Solaris 11: rmmount - Wann kommt der Bus?

Because the documentation for managing removable media/devices like CDs/DVDs/USB and especially rmmount and friends are pretty shallow, I decided to dig a little bit deeper to find out, how the things fit together. Instead of explaining all the protocols in use and unrelated Linux specific stuff again (see HAL, HAL specs, D‑Bus, Removable Media Enhancements in Solaris) I decided to use a real command to "draw the big picture", explaining the basics and provide appropriate links, so that one may find out the tiny details by itself if needed.

The rough big picture

The following figure shows what basically happens, when rmmount (removable media mount) gets invoked.

SVG image

Step 1: rmmount/libhal

As you can see in the source not much happens in rmmount itself: it just parses command line options and initializes a connection to the D‑Bus using libhal.

Step 2: libhal/D‑Bus

Now libhal is used to create new D‑Bus message, which basically asks to route it to an appropriate service, which is able to invoke the desired method - in this case Mount. Finally the message gets sent to the D‑Bus service using the connection obtained in Step 1.

Step 3: The message broker

When the message arrives at the D‑Bus service usually provided by the dbus‑daemon the service tries to find out, to which service(s) the message should be routed by analyzing it. If an appropriate service is available, the message gets passed to it (that's why the D‑Bus service is often also called "message broker"). But before it actually passes the message, it applies several checks to determine, whether an application and/or the executing user is allowed to send this kind of message! If not, the message gets rejected.

The important thing to note is, that usually on a single machine one systemwide dbus‑daemon instance is running (managed via SMF service svc:/system/dbus:default) and another one for each desktop session (usually started by gdmgnome‑session via /etc/gdm/Xsession/etc/X11/xinit/xinitrc.d/0070.dbus) and none of them utilizes RBAC! Instead they use their own configuration file: /etc/dbus‑1/system.conf (systemwide) and /etc/dbus‑1/session.conf (default for session).

As long as you are logged in at the console/have a desktop session running, this is not really a problem, because the application like rmmount pick up the right address of the instance to use (see step 1): If the environment variable DBUS_SESSION_BUS_ADDRESS is set, this one gets used (which usually corresponds to the session-based instance), otherwise the system wide instance. The session based instance allows per default all messages comming from an applications which is running in the same session, and the system wide instance usually denies "managing" machine local devices like USB, DVD, etc. but loose it up a little bit for the user owning the console and root user - see ls ‑lL /dev/vt/console_user and policy at_console in /etc/dbus‑1/system.d/* for details.

However, if one is logged in from a remote host e.g via ssh, no session based dbus‑daemon is running/gets fired up automatically and thus rmmount and related commands use the systemwide instance. So if one invokes such commands and the system wide instance is using the default configuration, the instance denies passing the message - no matter, whether you actually have the RBAC required privileges or not:

mount of rmdisk /dev/dsk/c1t0d0p0:1 failed: Rejected send message, 2 matched rules; type="method_call", sender=":1.11" (uid=123456 pid=26932 comm="") interface="org.freedesktop.Hal.Device.Volume" member="Mount" error name="(unset)" requested_reply=0 destination="org.freedesktop.Hal" (uid=0 pid=20876 comm=""))
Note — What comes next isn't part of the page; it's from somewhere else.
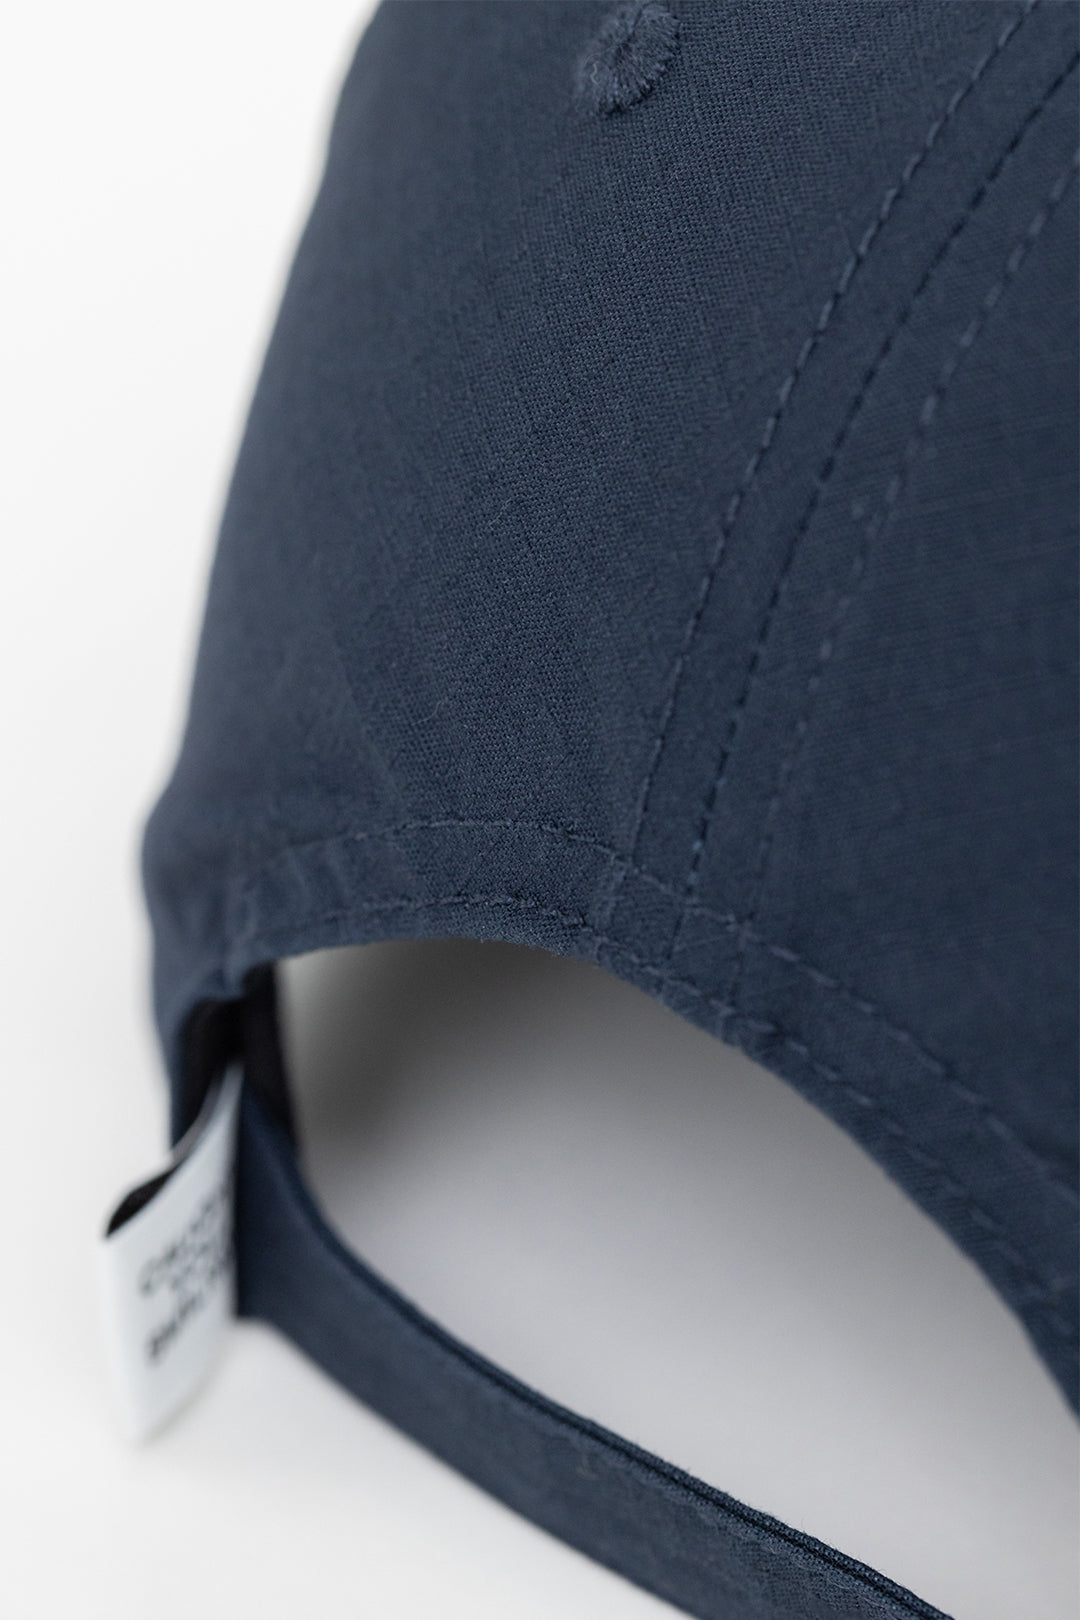 Dark blue floppy cap made of organic cotton from Rotholz

To surmount this obstacle, one may use the following workarounds:

  1. Let the admin of the machine add the appropriate permissions. E.g.

    cat >/etc/dbus-1/system.d/hal-admin.conf<<EOF
    <!DOCTYPE busconfig PUBLIC
     "-//freedesktop//DTD D-BUS Bus Configuration 1.0//EN"
        <!-- allow admin users to [u]mount removable media even if not logged in
             at the console
        <policy group="admins">
            <allow send_interface="org.freedesktop.Hal.Device.Volume"
            <allow send_interface="org.freedesktop.Hal.Device.Storage"
    svcadm restart dbus
  2. Execute the related commands as root - which might not be a good idea

Step 4: D-Bus/hald

Once a message has passed the "security" checks it gets send to the approriate service. The D‑Bus service knows the corresponding address because each service like HAL registers itself after initialization with a certain prefix (HAL with org.freedesktop.Hal) which matches the destination entry in the D‑Bus message.

Step 5: hald

Basically hald is a service, which provides information about the hardware of a machine and, depending on the implementation, is able to manage those hardware devices to a certain degree. Per default it gets managed via the SMF service svc:/system/hal:default.

At startup it reads the configurations files in /etc/hal/fdi/{preprobe,information,policy}/, uses several helper programs to "detect" devices on the machine and to determine their current state (see /usr/lib/hal/hald‑probe‑*), launches several addons to e.g. monitor/pool periodically the state of supported devices (see /usr/lib/hal/hald‑addon-*) and starts /usr/lib/hal/hald‑runner, which gets used to run other external tools like /usr/lib/hal/hal‑{storage,system}‑* on demand (for more details have a look at the HAL specs).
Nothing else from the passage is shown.